Bruce Lee's Daughter Upset With Her Father's Portrayal in 'Once Upon a Time in Hollywood'

Shannon Lee said her father comes across as "arrogant" in the film.

Quentin Tarantino at the 'Once Upon a Time in Hollywood' premiere.

Image via Getty/Axelle/Bauer-Griffin

Quentin Tarantino at the 'Once Upon a Time in Hollywood' premiere.

Shannon Lee, the daughter of Bruce Lee, has an issue with the portrayal of her late father in Quentin Tarantino's latest (and highly profitable) release, Once Upon a Time in Hollywood. Lee, who made her thoughts known in an interview with The Wrap, said that her main contention was that her father was depicted as an arrogant jerk. Or, as she put it, "He comes across as an arrogant a–hole who was full of hot air, and not someone who had to fight triple as hard as any of those people did to accomplish what was naturally given to so many others." Shannon had gone to see the film on Sunday.

*Minor-to-moderate spoiler alert*

In Once Upon a Time in Hollywood, onscreen Bruce (played by Mike Moh) exchanges trash talk with stuntman Cliff Booth (played by Brad Pitt) on the set of the real-life Bruce Lee TV series The Green Hornet,in what is either a flashback or fantasy. After Lee's hubris gets under Booth's skin, the two fight in what eventually ends in a draw.

Shannon did state that she got the reasoning behind the decision for events to play out as they did. “I can understand all the reasoning behind what is portrayed in the movie,” she said. “I understand that the two characters are antiheroes and this is sort of like a rage fantasy of what would happen…I understand they want to make the Brad Pitt character this super bad-ass who could beat up Bruce Lee.”

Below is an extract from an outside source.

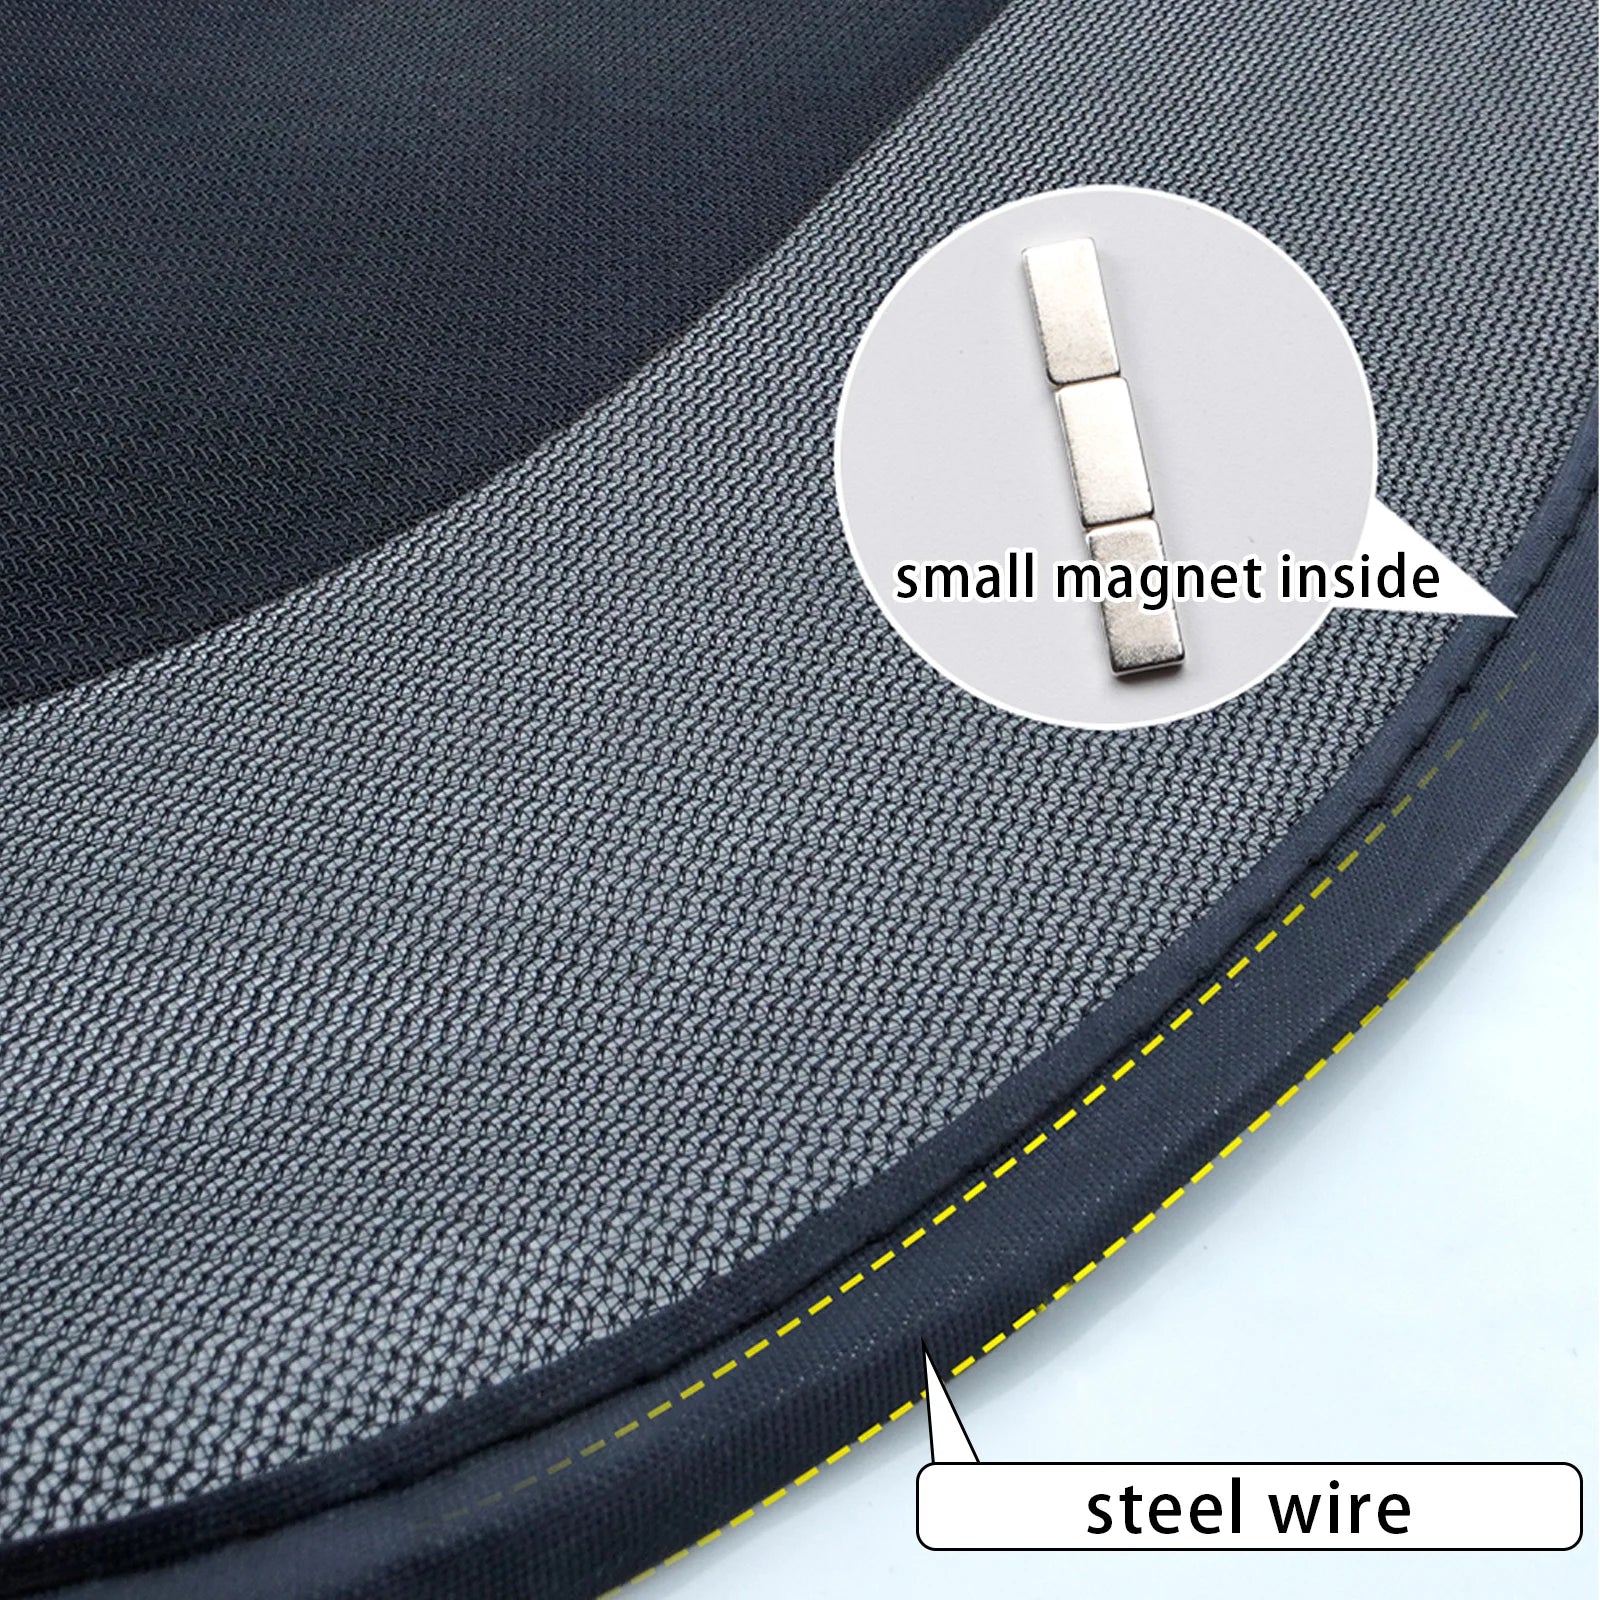 Magnetic Moonroof Sunroof Sun Shade Mesh Car Roof Awnings Cover Camping Kept The Bugs Out Screen Anti-Mosquito Trips SUV Tent
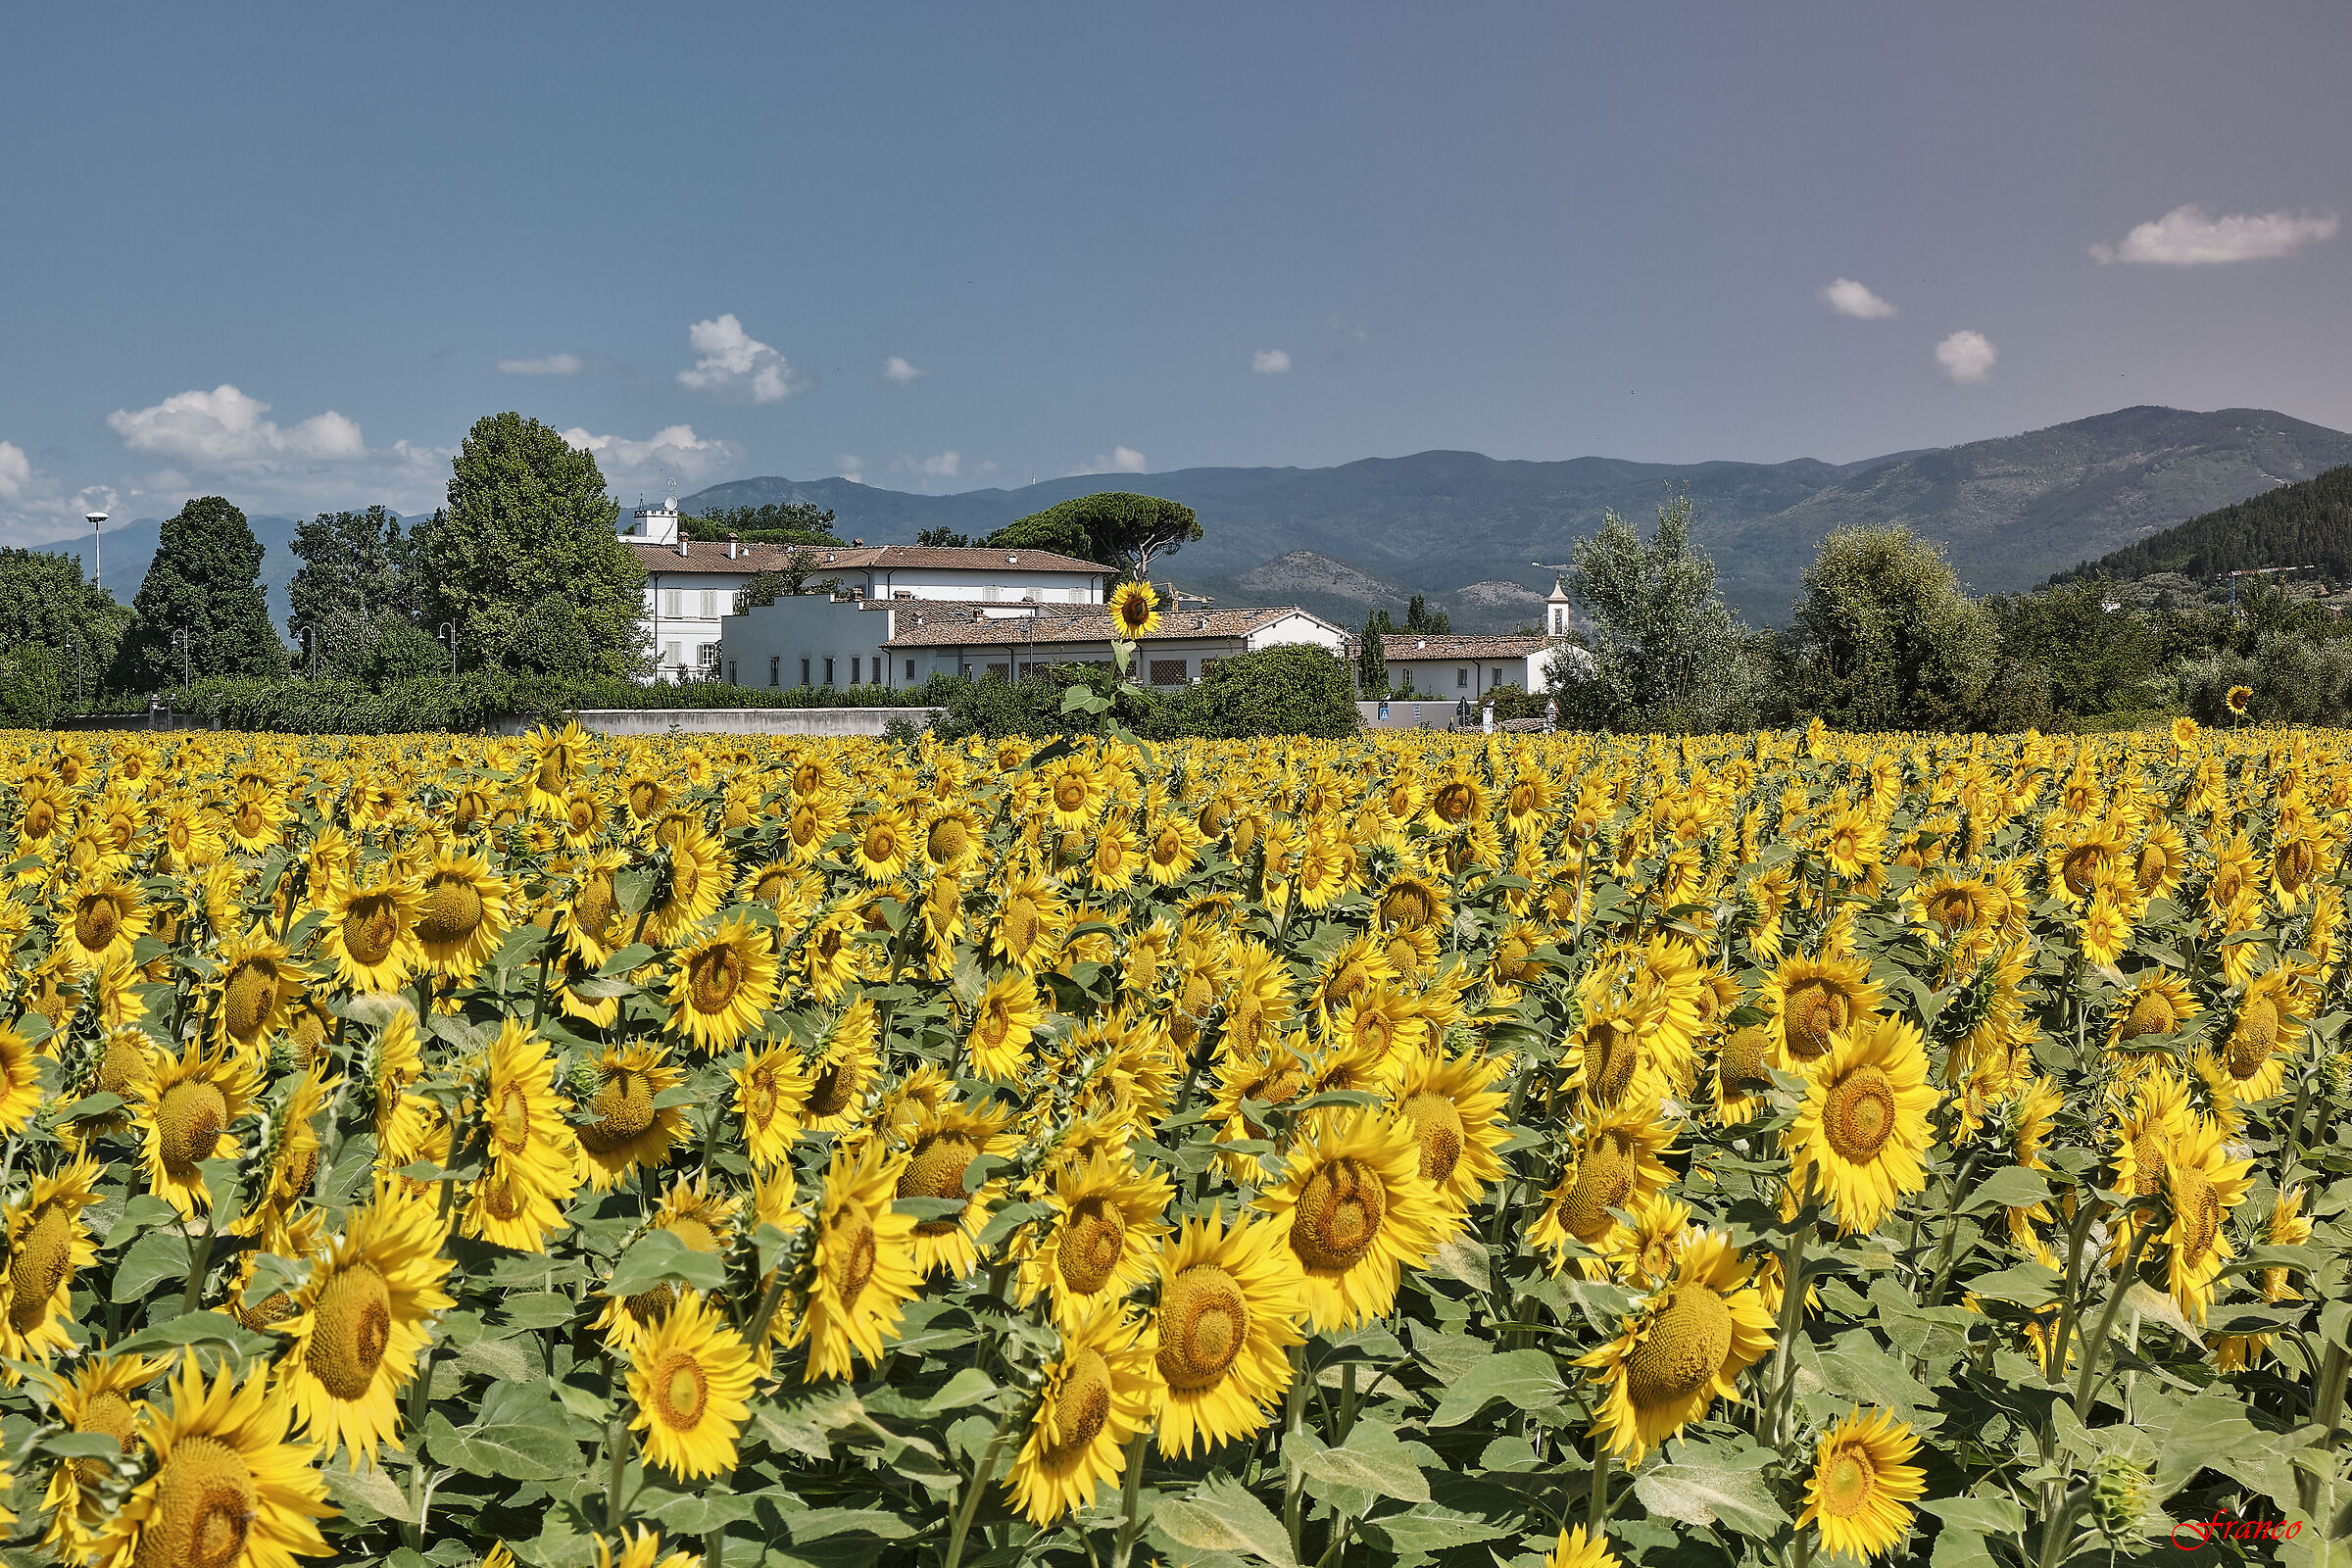 The sunflowers of Gonfienti #1...

Still, she contends that Once Upon a Time in Hollywood took liberties with her father that she believes were misleading. She also said that, in real-life, the pioneering martial arts icon was challenged by people wanting to prove themselves, and that he made efforts to avoid such provocations. “Here, he’s the one with all the puffery and he’s the one challenging Brad Pitt. Which is not how he was,” she said.

She adds that she didn't enjoy the experience of sitting in the theater and hearing people laugh at her dad.

“It was really uncomfortable to sit in the theater and listen to people laugh at my father,” she explained. “What I’m interested in is raising the consciousness of who Bruce Lee was as a human being and how he lived his life. All of that was flushed down the toilet in this portrayal, and made my father into this arrogant punching bag.” 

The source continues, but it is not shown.